Items from a dataset:

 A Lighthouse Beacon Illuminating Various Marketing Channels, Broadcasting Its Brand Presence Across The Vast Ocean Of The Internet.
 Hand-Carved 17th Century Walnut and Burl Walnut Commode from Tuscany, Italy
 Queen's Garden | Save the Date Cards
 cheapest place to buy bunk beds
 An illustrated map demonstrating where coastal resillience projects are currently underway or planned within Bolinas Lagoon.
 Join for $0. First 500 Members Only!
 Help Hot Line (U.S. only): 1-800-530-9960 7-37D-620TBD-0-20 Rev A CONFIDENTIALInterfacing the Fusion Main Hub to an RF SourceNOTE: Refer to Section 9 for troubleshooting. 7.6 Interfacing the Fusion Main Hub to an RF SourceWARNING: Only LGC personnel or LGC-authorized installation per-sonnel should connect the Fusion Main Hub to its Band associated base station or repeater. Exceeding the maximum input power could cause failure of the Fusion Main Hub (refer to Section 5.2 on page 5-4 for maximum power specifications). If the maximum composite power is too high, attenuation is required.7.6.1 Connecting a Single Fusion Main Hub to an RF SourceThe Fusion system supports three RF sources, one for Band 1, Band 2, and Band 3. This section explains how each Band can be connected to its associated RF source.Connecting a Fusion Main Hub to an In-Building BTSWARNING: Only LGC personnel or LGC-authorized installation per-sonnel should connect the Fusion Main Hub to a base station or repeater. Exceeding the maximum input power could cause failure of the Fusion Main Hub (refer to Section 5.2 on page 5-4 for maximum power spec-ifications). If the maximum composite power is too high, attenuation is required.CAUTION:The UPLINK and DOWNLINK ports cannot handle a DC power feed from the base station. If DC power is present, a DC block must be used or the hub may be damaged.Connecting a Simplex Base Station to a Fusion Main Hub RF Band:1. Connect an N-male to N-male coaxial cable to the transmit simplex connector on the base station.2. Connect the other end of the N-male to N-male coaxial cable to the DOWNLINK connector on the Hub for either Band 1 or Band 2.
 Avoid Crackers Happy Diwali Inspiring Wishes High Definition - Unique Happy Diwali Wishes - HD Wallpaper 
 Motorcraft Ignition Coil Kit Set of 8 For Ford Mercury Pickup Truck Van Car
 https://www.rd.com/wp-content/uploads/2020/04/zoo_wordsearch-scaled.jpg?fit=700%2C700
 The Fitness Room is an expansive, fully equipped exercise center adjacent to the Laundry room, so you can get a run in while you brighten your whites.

Activity =
The answer must hold exactly the lines of the entries above, from the first line through the line that contains "Join for $0. First 500 Members Only!", and no others.

Expected answer =
 A Lighthouse Beacon Illuminating Various Marketing Channels, Broadcasting Its Brand Presence Across The Vast Ocean Of The Internet.
 Hand-Carved 17th Century Walnut and Burl Walnut Commode from Tuscany, Italy
 Queen's Garden | Save the Date Cards
 cheapest place to buy bunk beds
 An illustrated map demonstrating where coastal resillience projects are currently underway or planned within Bolinas Lagoon.
 Join for $0. First 500 Members Only!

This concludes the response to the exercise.